Questo sistema si rivelerà assai efficiente nel creare una classe contadina agiata che riuscirà ad accumulare
consistenti ricchezze che useranno per costruirsi influenza nelle città. Qui si trasferiranno per accedere a
nuove fonti di reddito e ad uno stile di vita più agiato.
Le eccedenze trovano spesso mercato nelle poche città ancora esistenti la cui espansione riprenderà nel X
secolo, ma soprattutto nelle fiere e nei mercati di campagna che iniziano a affermarsi in sempre più luoghi.
Gli scambi richiedono altresì la necessità di monete che vengono coniate da nuove zecche nei luoghi con
disponibilità di metalli come il piombo argentifero, monete che vengono prodotte proprio in occasione delle
fiere e la cui circolazione si limita quasi esclusivamente ad esse.

LA NASCITA DELLE MONARCHIE


A partire dal XII secolo in alcuni stati europei come la Francia, l’Inghilterra, Il sud Italia, la penisola iberica si
assiste alla consolidazione di un potere centrale monarchico.
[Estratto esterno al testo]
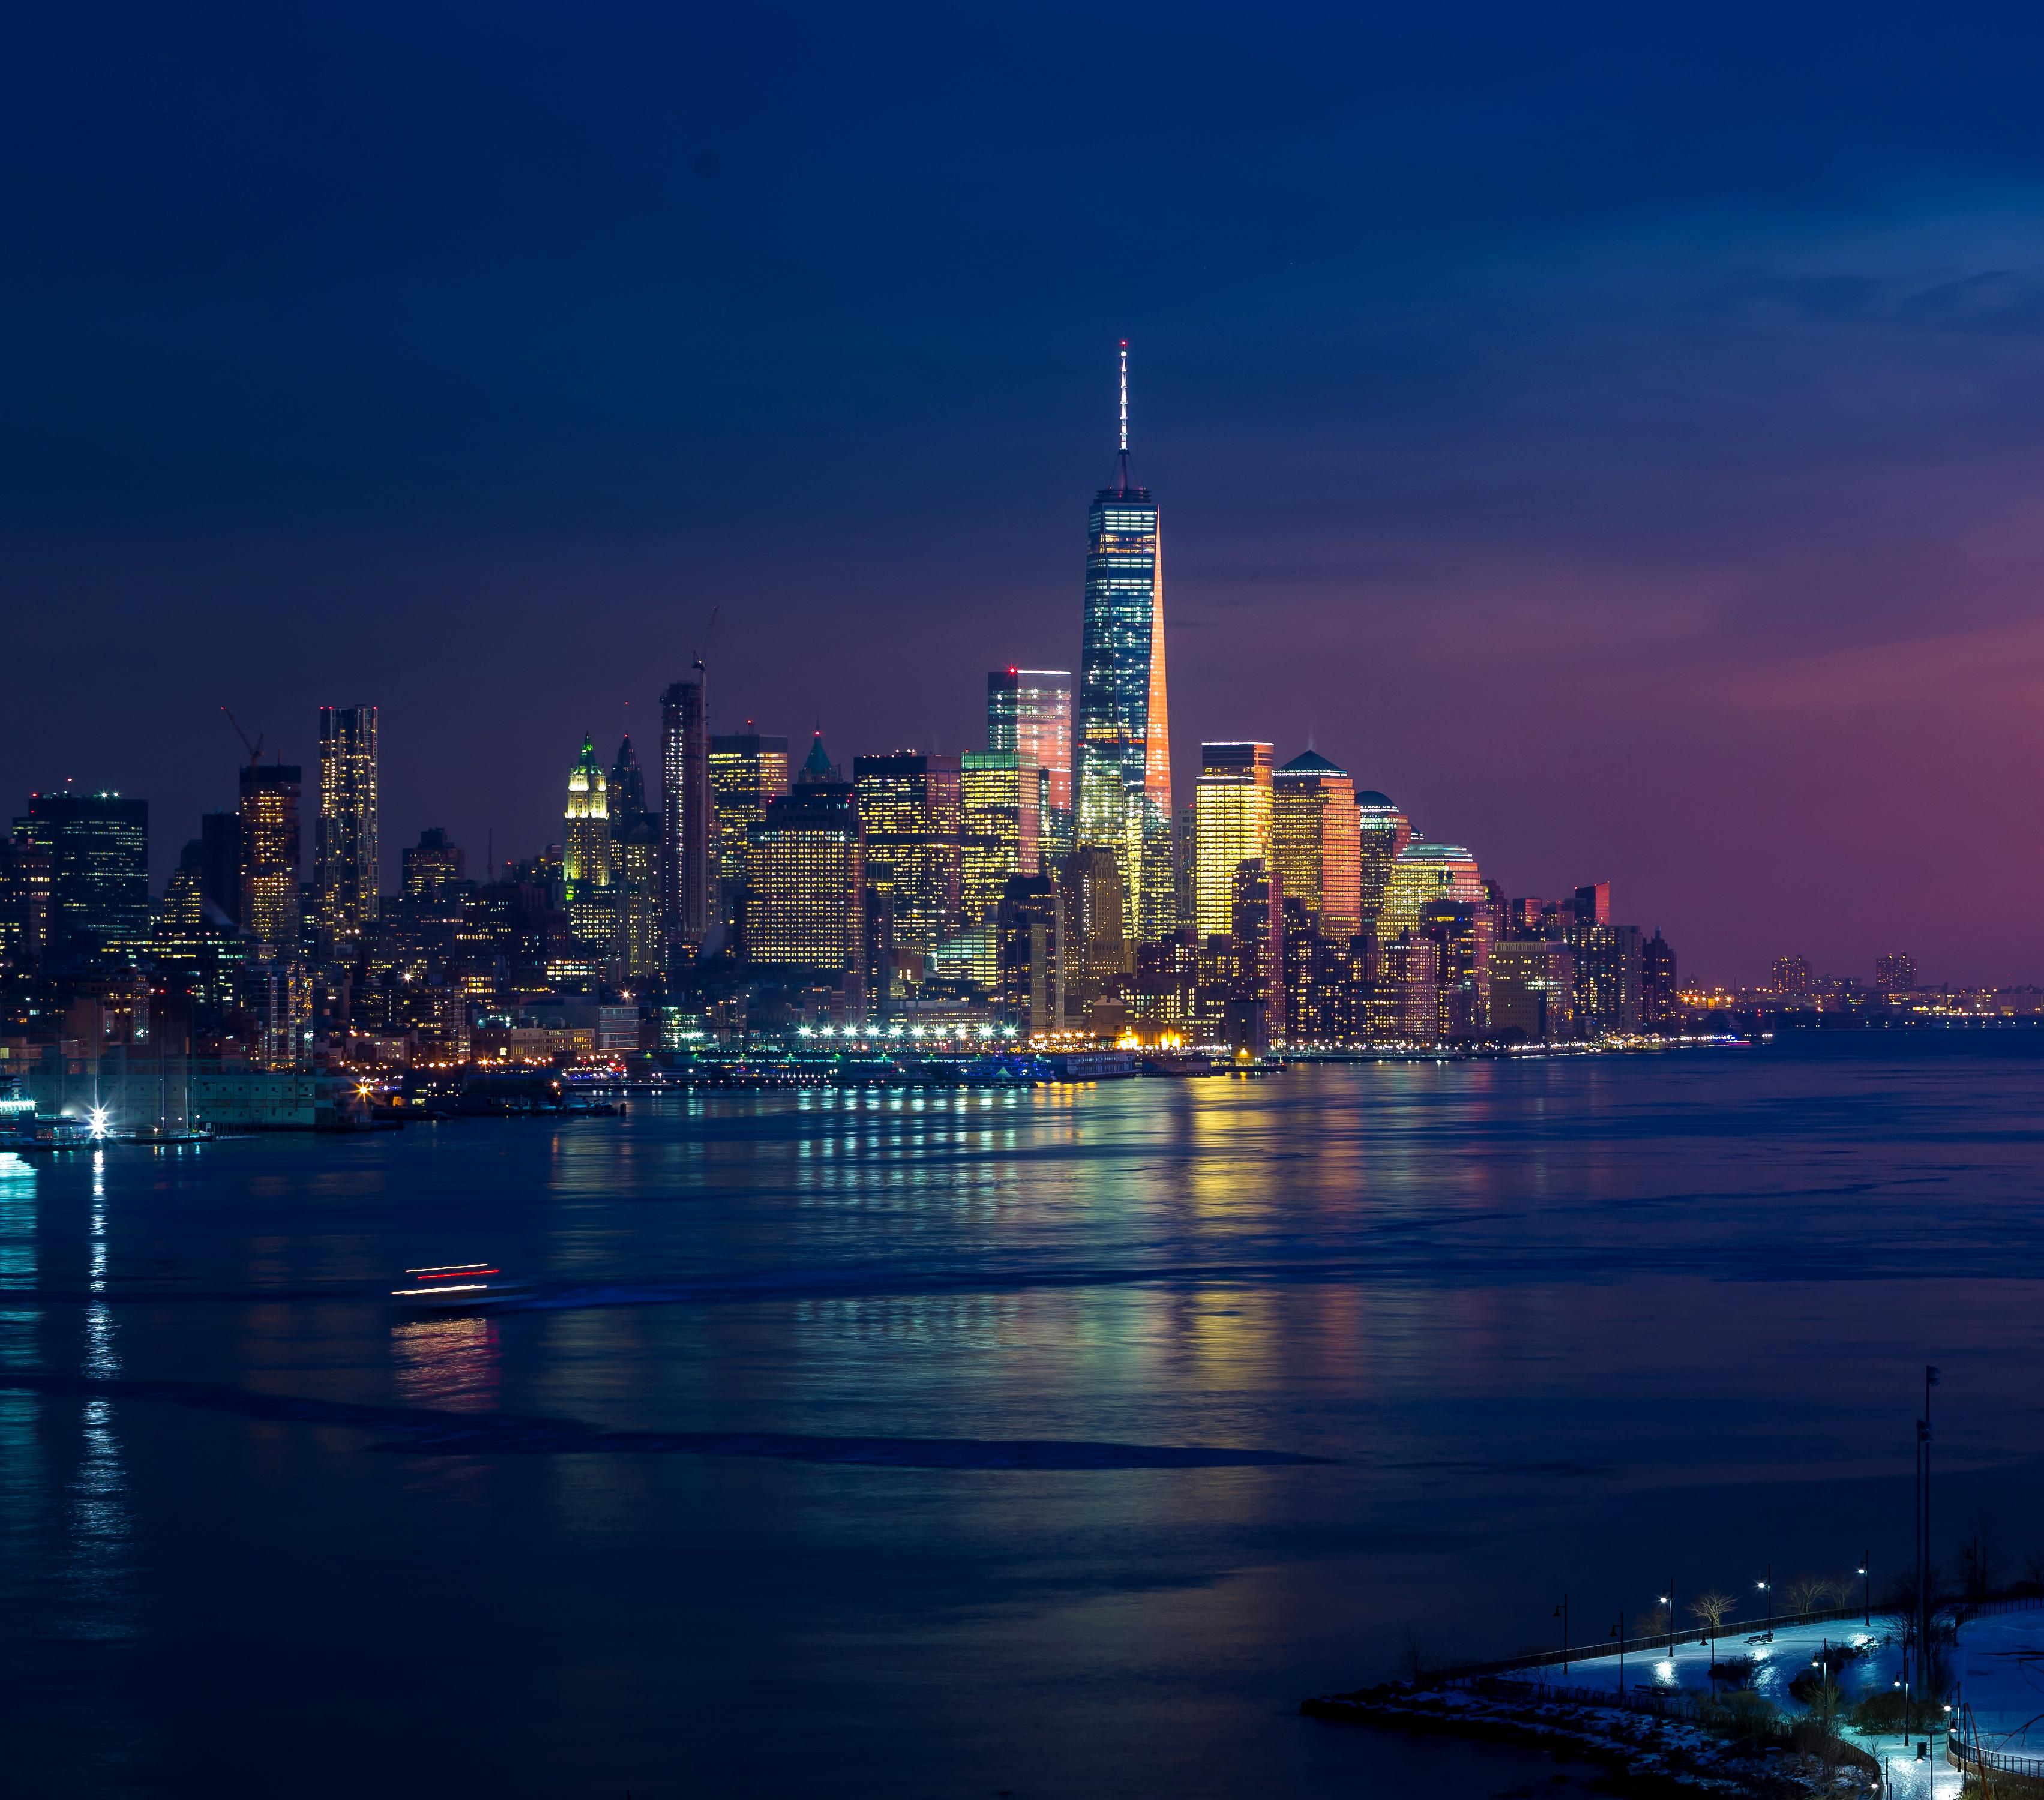 Tesla Model S 4k Hd Desktop Wallpaper For 4k Ultra Hd Tv: New York Skycrapper And Buildings Lights, HD 4K Wallpaper

Questo fu senza dubbio possibile grazie allo sviluppo tecnologico che rese più semplice comunicare con le
varie parti dei propri territori, sia grazie al sistema feudale che legò i signori locali al sovrano.
La figura del sovrano venne dotata di un’aura di sacralità tramite l’unzione papale segno che l’incoronazione
era un riconoscimento di supremazia voluto dal Signore in alcuni casi gli vennero anche riconosciuti attributi
miracolosi come nel caso della Francia dei re taumaturghi.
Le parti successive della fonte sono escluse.